= Clocktaur Wars =

Romantasy series by T. Kingfisher

The Clocktaur Wars series is a fantasy romance duology by Ursula Vernon, published under the pen name T. Kingfisher. It is set in the World of the White Rat, alongside other series like Swordheart and The Saint of Steel. Clockwork Boys, the first novel in the duology, was originally published in November 2017 by Red Wombat Studio, followed by The Wonder Engine in 2018. Both novels were later re-released by Titan Books. A review in Locus called it "a grimly funny adventure story."

== Synopsis ==

=== Clockwork Boys ===
A group of three criminals and a scholar go on a journey to discover the origins of the Clockwork Boys, an army of raiding automatons from rival Anuket City. Slate, a forger, leads the group, to the dismay of the misogynistic and sheltered Learned Edmund; she is joined by her friend and once-lover Brennen, as well as a disgraced paladin named Caliban who went on a murderous rampage while possessed and still carries the demon's corpse in his soul. The three criminals, coerced into the mission by a magic tattoo, do not expect to reach Anuket City alive. Learned Edmund naively believes their mission is possible.

Their route to Anuket City is blocked by raiding Clockwork Boys, so they are forced to detour through the mountains. Along the way, Brennen bristles as Slate and Caliban discover a mutual attraction and Edmund learns to cope with being in the presence of a woman. Slate discovers that she does want to live when her horse bolts during a storm. Caliban rescues her. Afterwards, she tries to kiss him, but he is worried about taking advantage of her in a vulnerable state and insults her badly during his explanation.
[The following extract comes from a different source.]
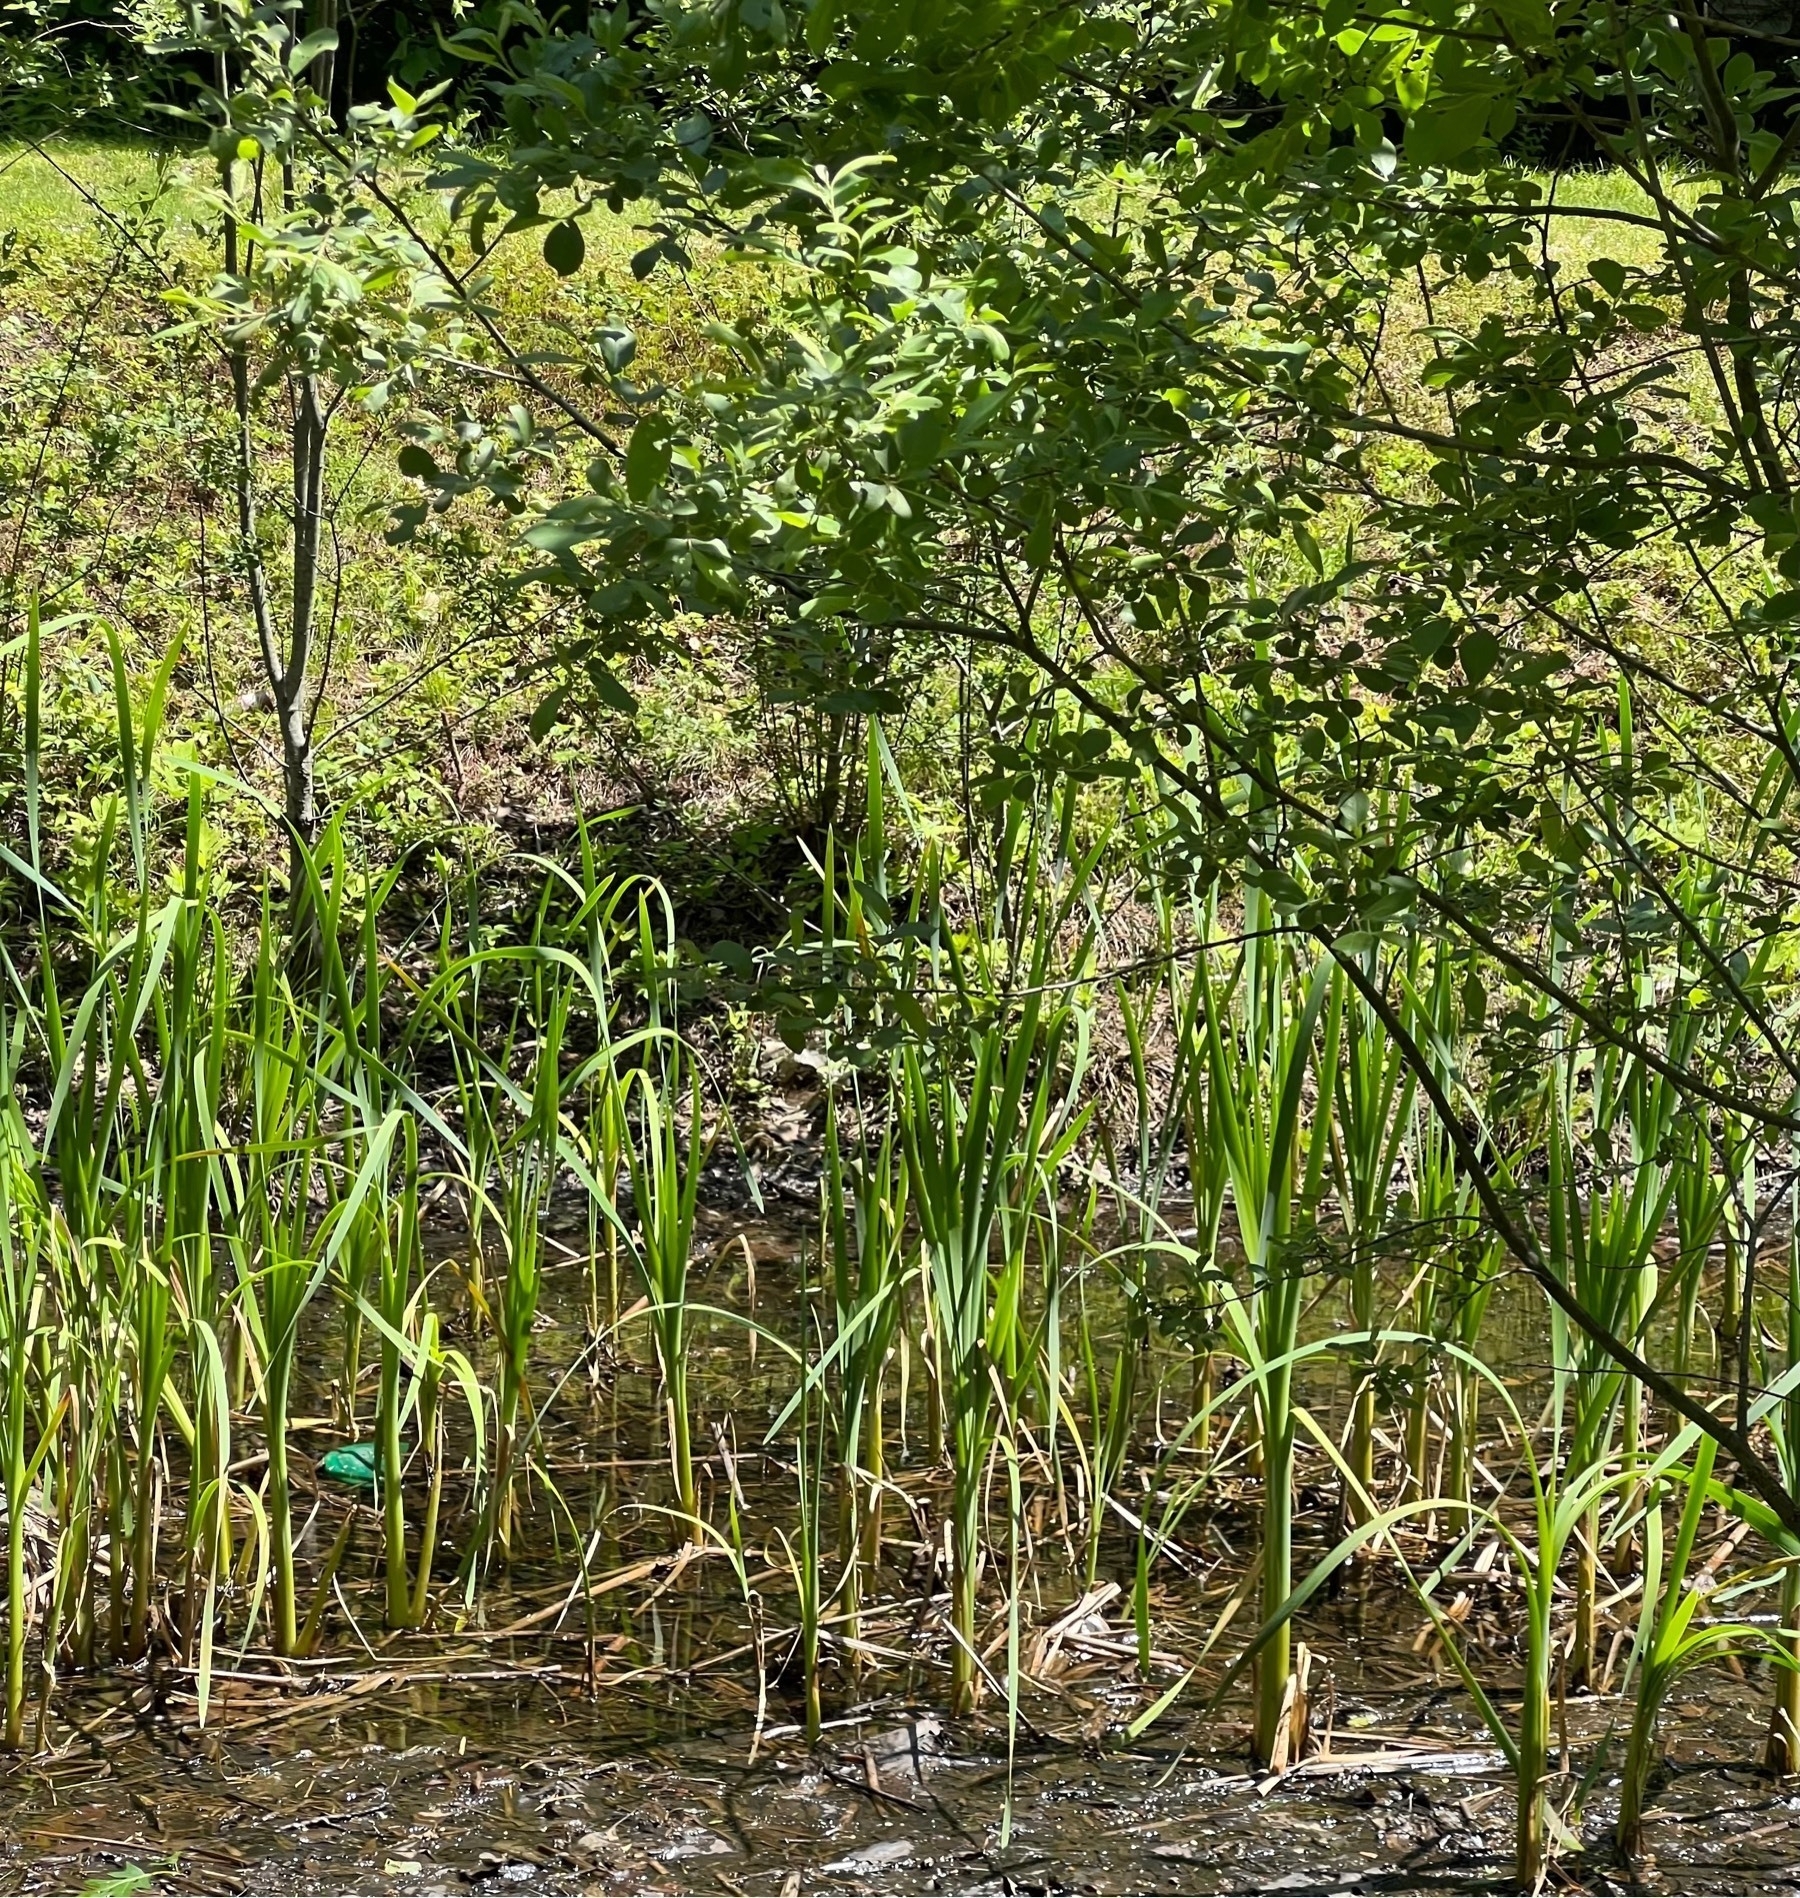 A marsh of green plants and water

The group gets lost in the uncanny and dangerous Vagrant Hills. Caliban and Brennen are kidnapped by deer-people called rune. Their leader, a demon-possessed shaman, tries to bargain with Caliban by offering to remove the dead demon from his soul. He refuses, knowing that her demon will possess him as soon as the other demon's corpse is removed. Slate rescues Caliban and Brennen, as well as a captive gnoll named Grimehug. While in the Vagrant Hills, Slate stumbles across the notebook of Learned Amadai, a scholar who sent the first reports of Clockwork Boys back to Edmund's order.
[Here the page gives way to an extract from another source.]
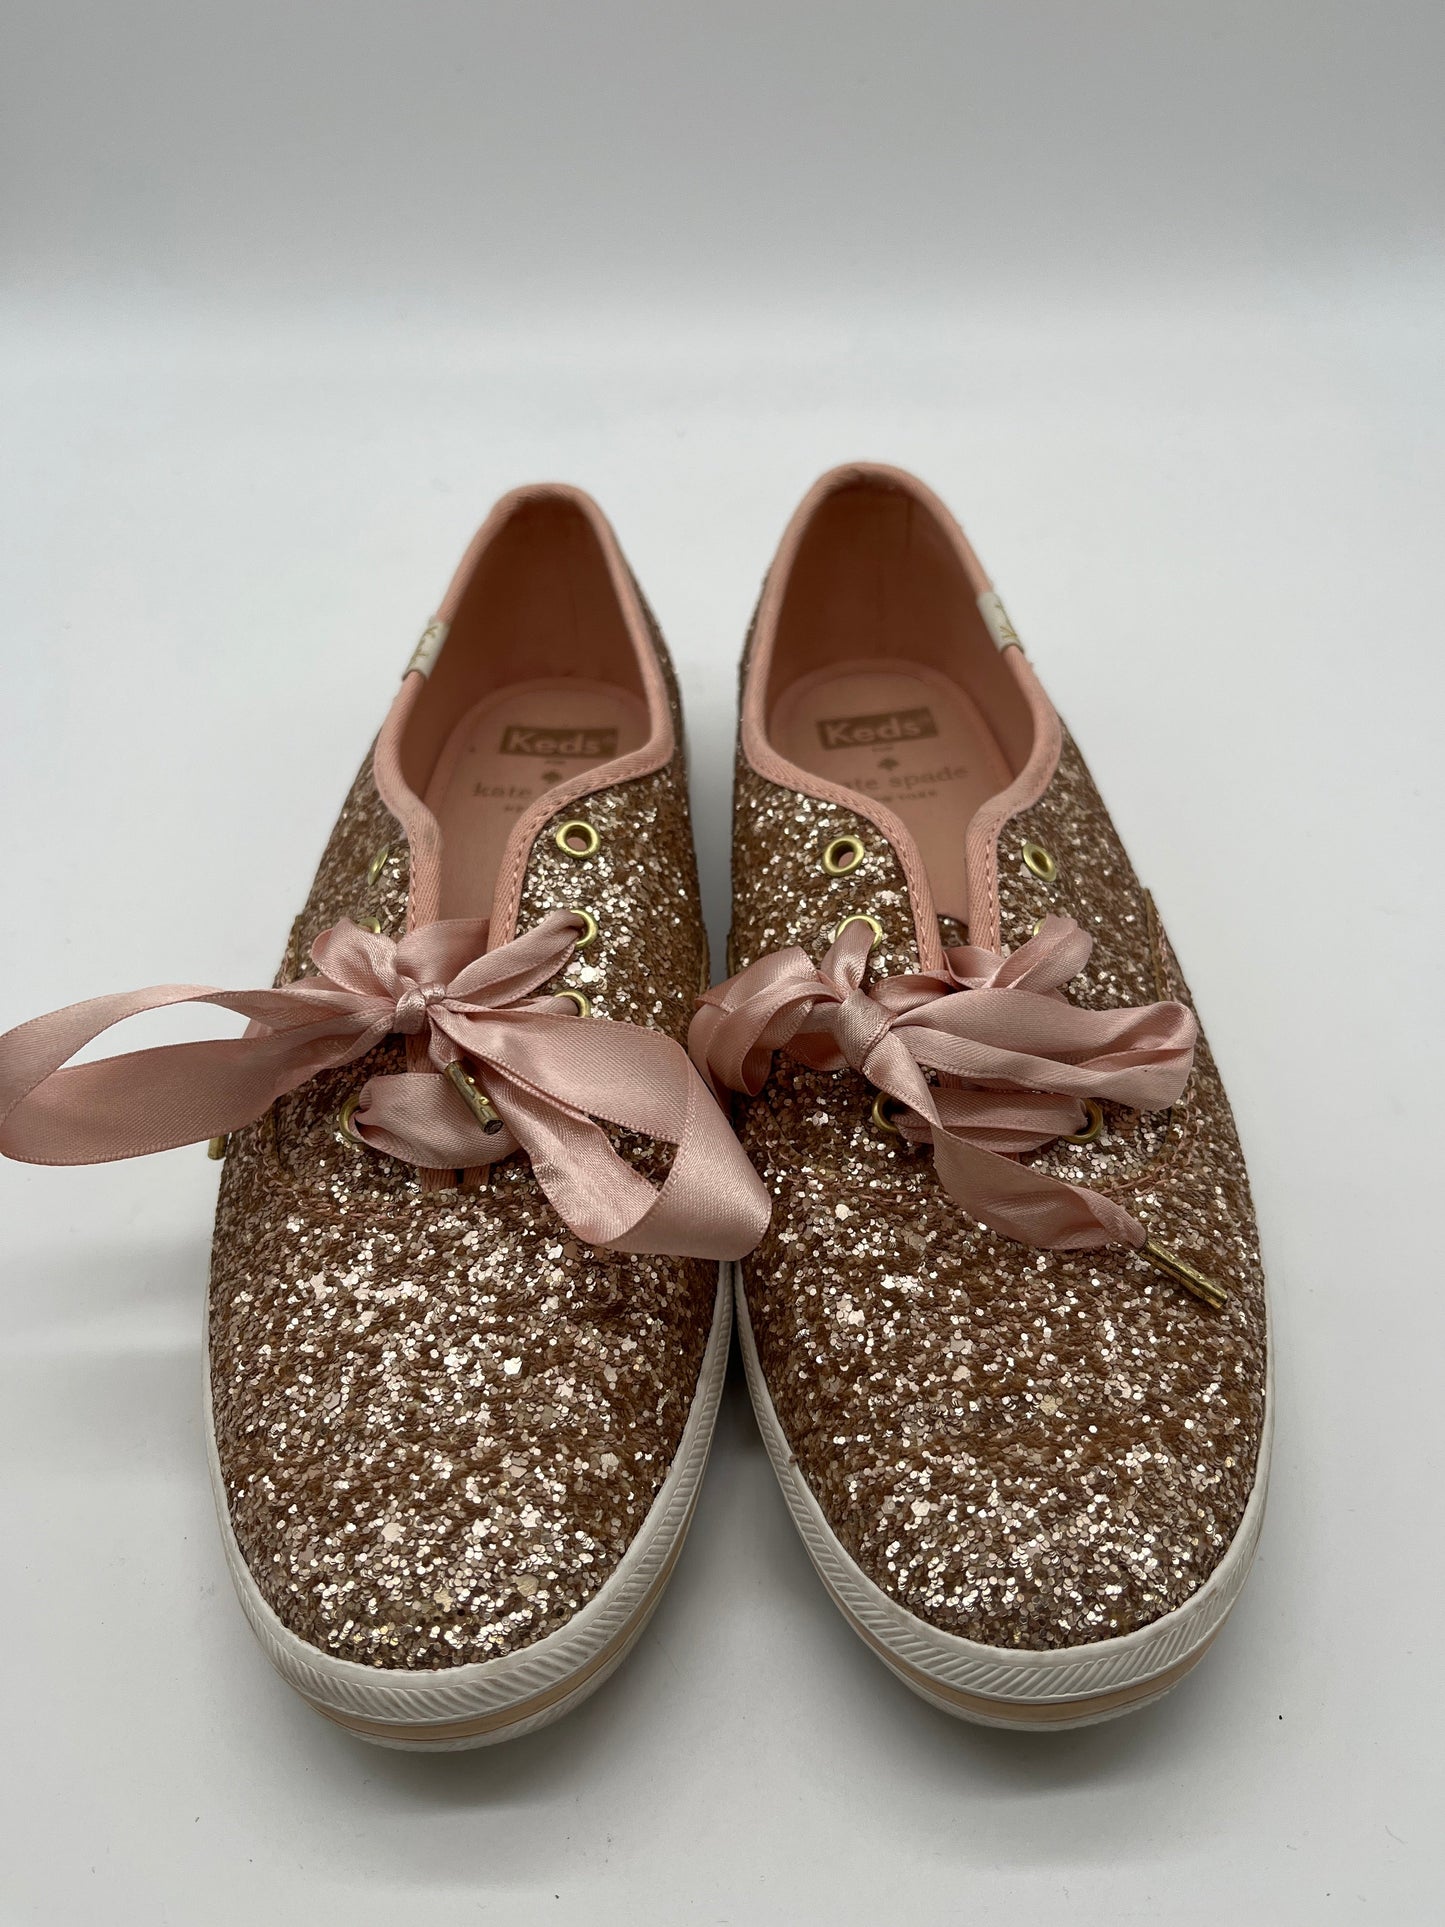 Pink Shoes Sneakers Keds, Size 8

Grimehug, who is from Anuket City, offers to connect the group to the gnoll community there. Many gnolls make a living by shepherding Clockwork Boys, which Grimehug calls clocktaurs, out of the city from the factory where they are created. The group finally reaches Anuket City and realizes that surviving the journey has brought them to a bigger challenge: stopping the clocktaurs.

=== The Wonder Engine ===
Slate and Brennen enter Anuket City's underworld to try and find out who is funding the creation of the clocktaurs. Their task is complicated by Slate's bitter history with Boss Horsehead, the leader of organized crime in the city. Meanwhile, Caliban and Learned Edmund discover the location of the factory and try to find Edmund's lost predecessor, Learned Amadai. Edmund meets one of his research heroes, Ashes Magnus, who becomes an ally to the group.

The group learns that a universally fatal sickness called werkblight has recently reached Anuket City. The locals blame it on the gnolls, who came to the city around the same time as the illness. An undercaste of gnolls is paid by the city to remove the bodies of werkblight victims. The group learns that the gnolls deliver the bodies to the same factory where the clocktaurs are created.
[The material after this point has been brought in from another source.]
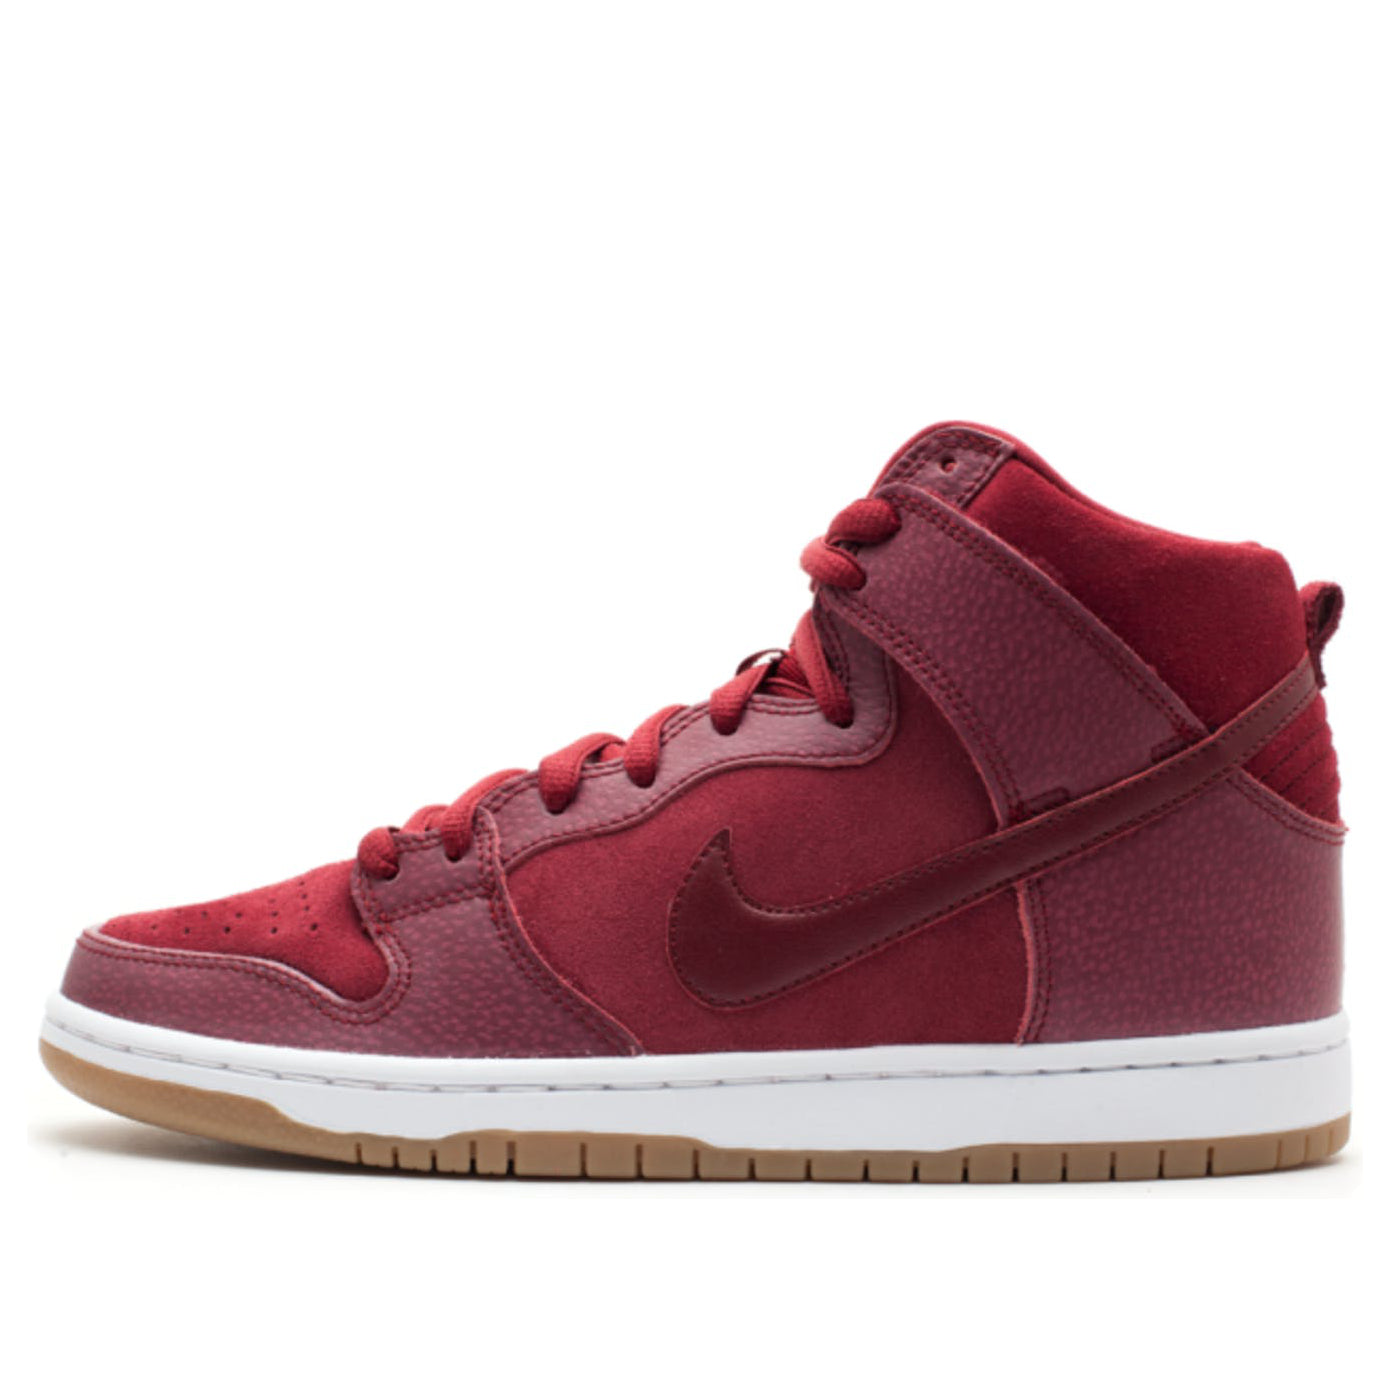 Nike Dunk High Pro Sb 'Red Maroon'  305050-662 Classic Sneakers

Slate is betrayed by an information dealer and kidnapped by Boss Horsehead. Brennen and Caliban rescue her before Boss Horsehead has a chance to torture her to death. This forces the group to go underground, first hiding with Ashes Magnus and then in the gnoll community. While in hiding, Slate and Caliban admit their attraction to each other and become a couple, much to Brennen's displeasure.

Slate, Brennen, and Caliban hide among werkblight corpses and are delivered by the gnolls to the clocktaur factory. They discover that the clocktaurs are not created by human hands, but by ancient machines called wonder engines. Two different wonder engines have been connected to create the clocktaurs by the demon-possessed corpse of Learned Amadai. Slate disables the wonder engines while Caliban kills and exorcises Amadai.

Their mission appears to be complete until Brennen suddenly attacks Caliban. While Caliban rejected the rune shaman's offer, Brennen accepted her demon in order to get the group out of the Vagrant Hills. He has carried the demon in secret, but it overwhelms him at the clocktaur factory and he nearly kills Caliban. Caliban feels the presence of his god for the first time since his own possession. With the god's help, he is able to bind the demon, but has to kill Brennen in the process. Slate tries to stop him, but is no match for him when he has the god's power on his side.

Caliban and Slate escape from the factory and return to the gnoll community. Slate is overcome with grief and furious with Caliban, but he insists on escorting her and Edmund back home. Edmund and Slate realize that the werkblight is actually an allergy to gnolls, which can be treated. Caliban and Slate confess their love to each other and reconcile on the way back home. As the book ends, Caliban cheerfully considers a future as Slate's bodyguard in her upcoming criminal enterprises.